= Maximilian Kellner =

Austrian art collector

Maximilian Kellner (5 February 1869 – 25 December 1940) was an Austrian art collector persecuted by the Nazis because of his Jewish heritage.

== Biography ==
Kellner was born on 5 February 1869 in Velké Meziříčí, Moravia. From 1932 he lived with his wife Katharina in the 2nd district of Vienna. The Kellner family company, founded in 1912, was headquartered in Rosice near Brno. Maximilian and his brothers Arnold (1864-1939) and Heinrich Kellner (born around 1862) were partners.
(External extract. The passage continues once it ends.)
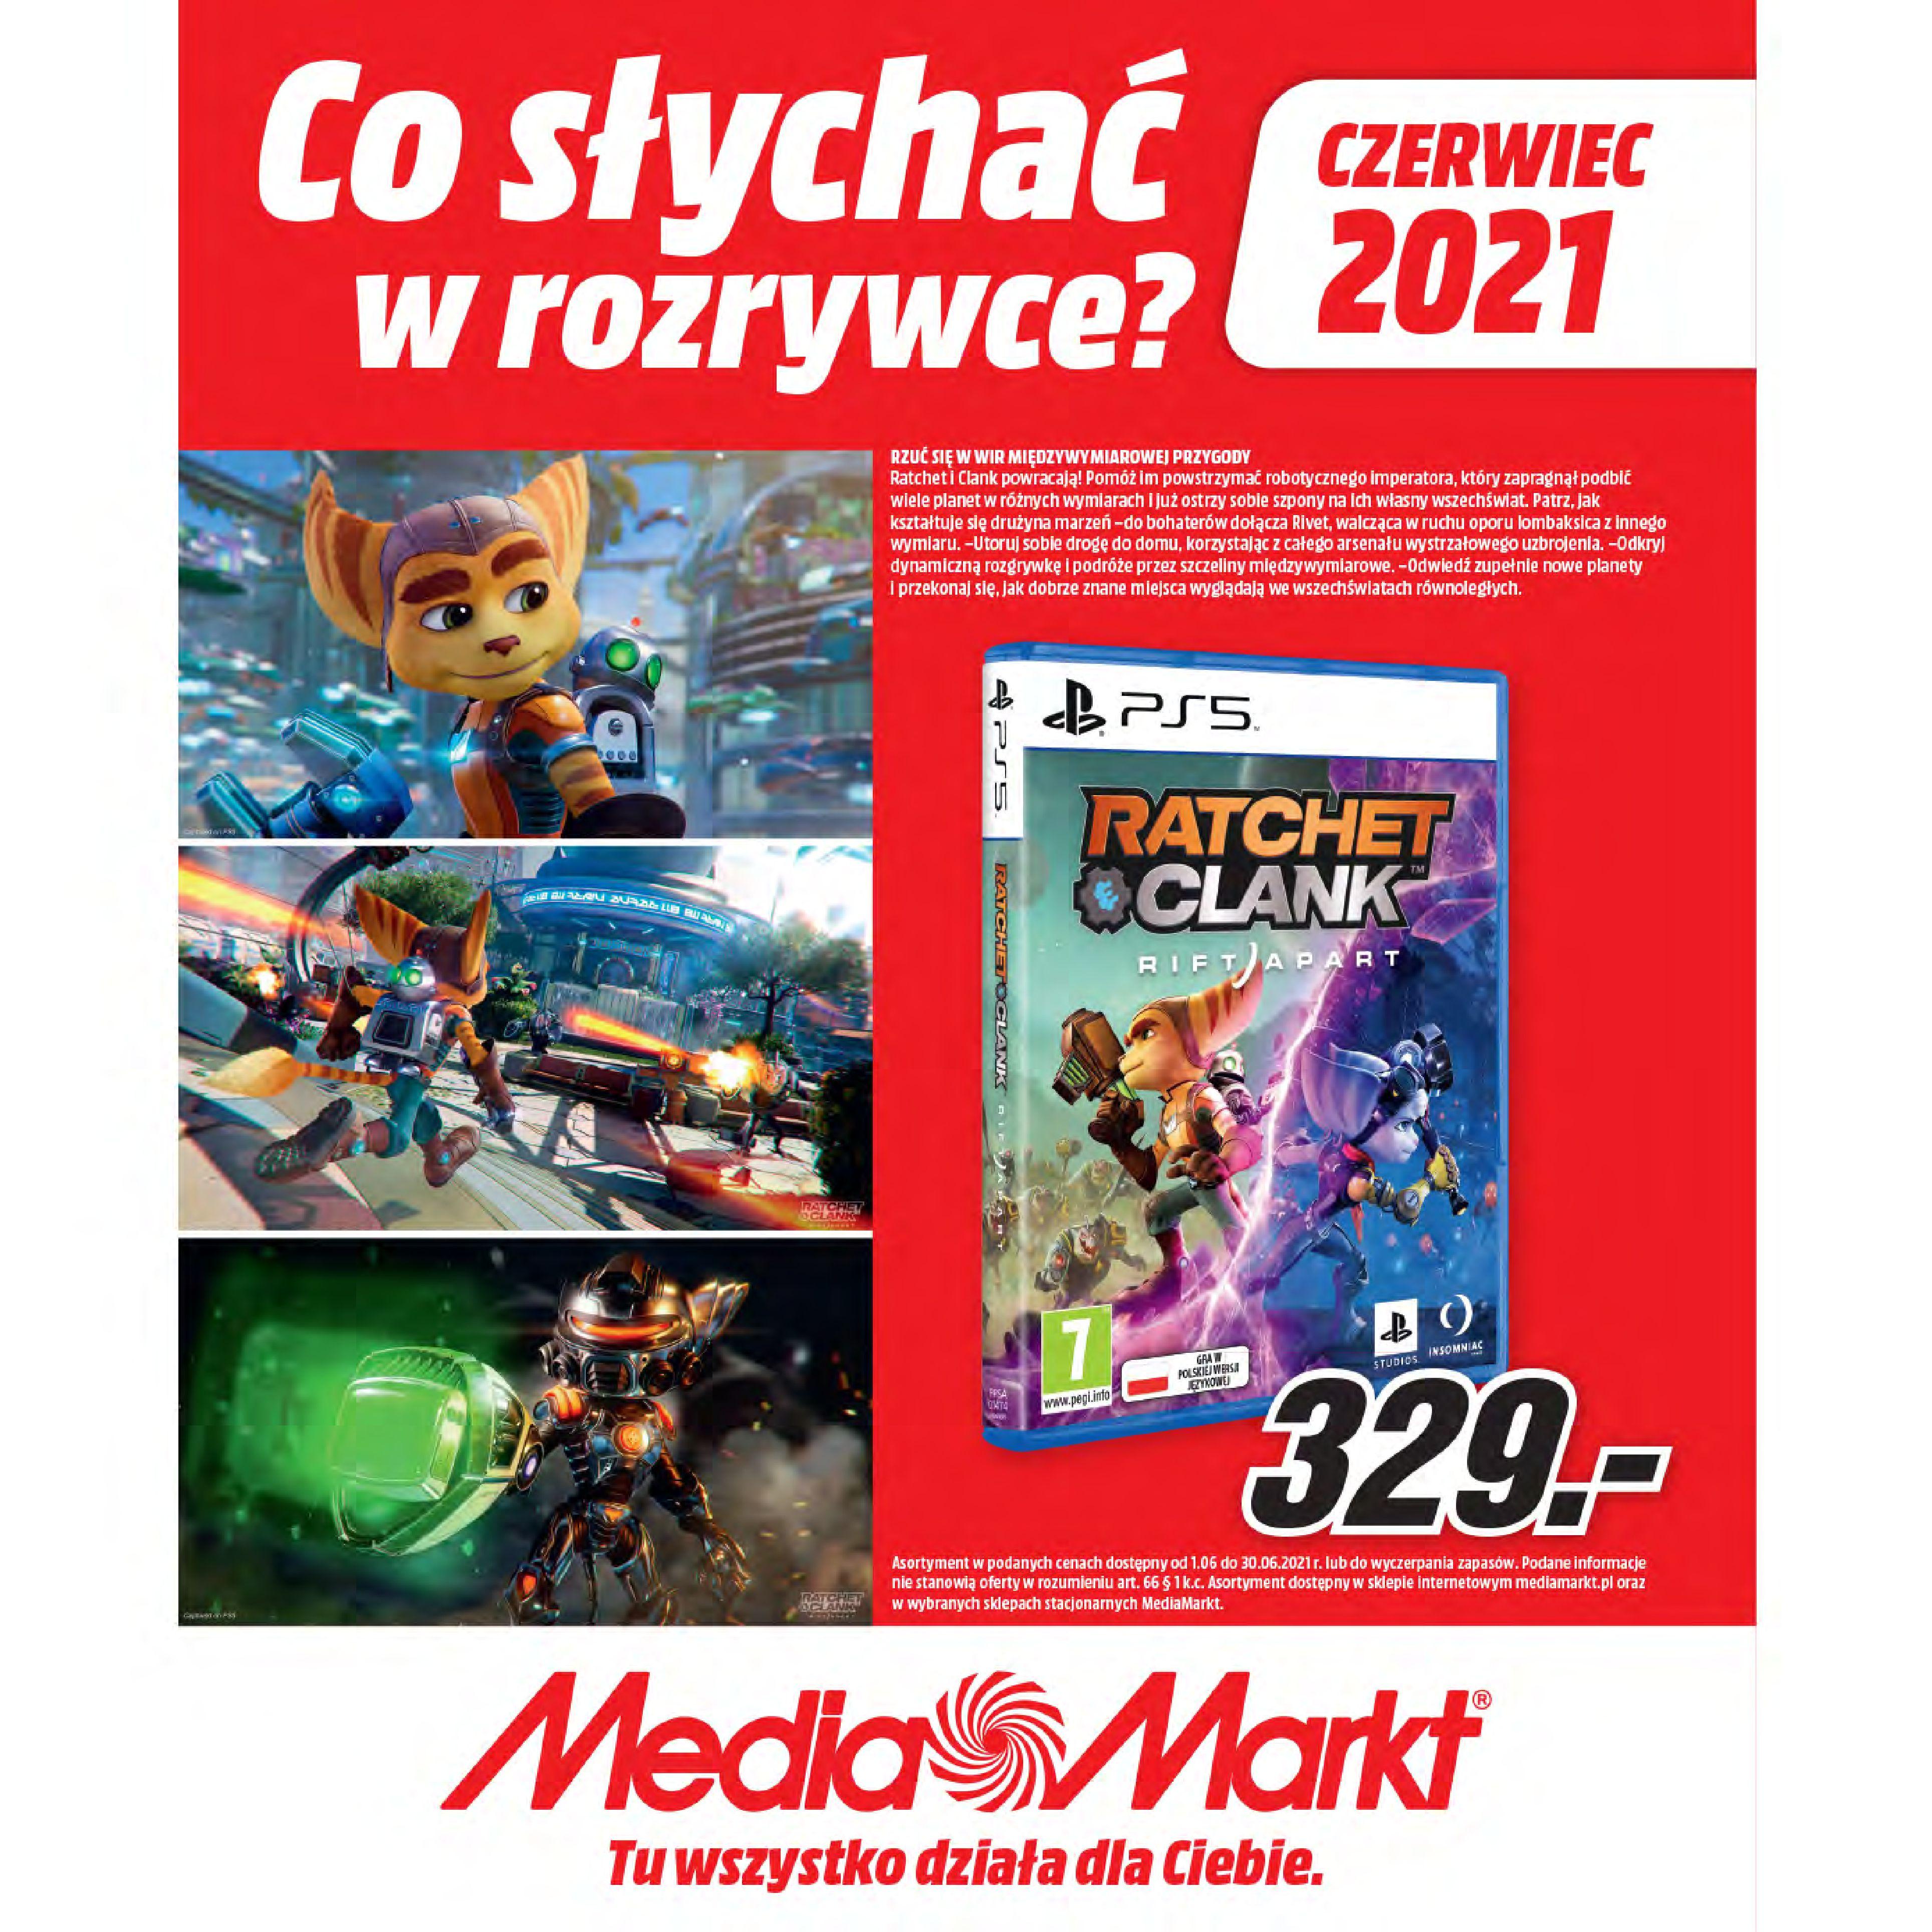 Media Markt:  Gazetka Media Markt - Czerwiec 2021 23.06.2021

Kellner collected Austrian, French, and English portrait miniatures from the 19th century and paintings by old masters of the 17th century. His brother-in-law was Otto Kuhn (1865–1927), an entrepreneur and art collector. In 1929, Kellner sold a part of his collection anonymously, as 'the Gallery of a Viennese Collector', at Rudolph Lepke's auction house in Berlin.

== Nazi era ==
After Austria merged with Nazi Germany in the Anschluss of March 1938, Maximilian and Käthe Kellner were persecuted under anti-Jewish racial laws. Maximilian Kellner died in Vienna in December 1940. Käthe lived on Praterstrasse until May 1942. She was deported to the Izbica ghetto on the Gestapo's 20th transport and was murdered in the Holocaust. Their assets were seized by Hitler's German Reich.

== Restitution claim ==
In 2014 the advisory board recommended the restitution of a gouache by Philippe Berger from the Albertina to the heirs to Maximilian and Käthe Kellner. The Albertina acquired it in 1954 from the Viennese antique dealer Melanie Penizek.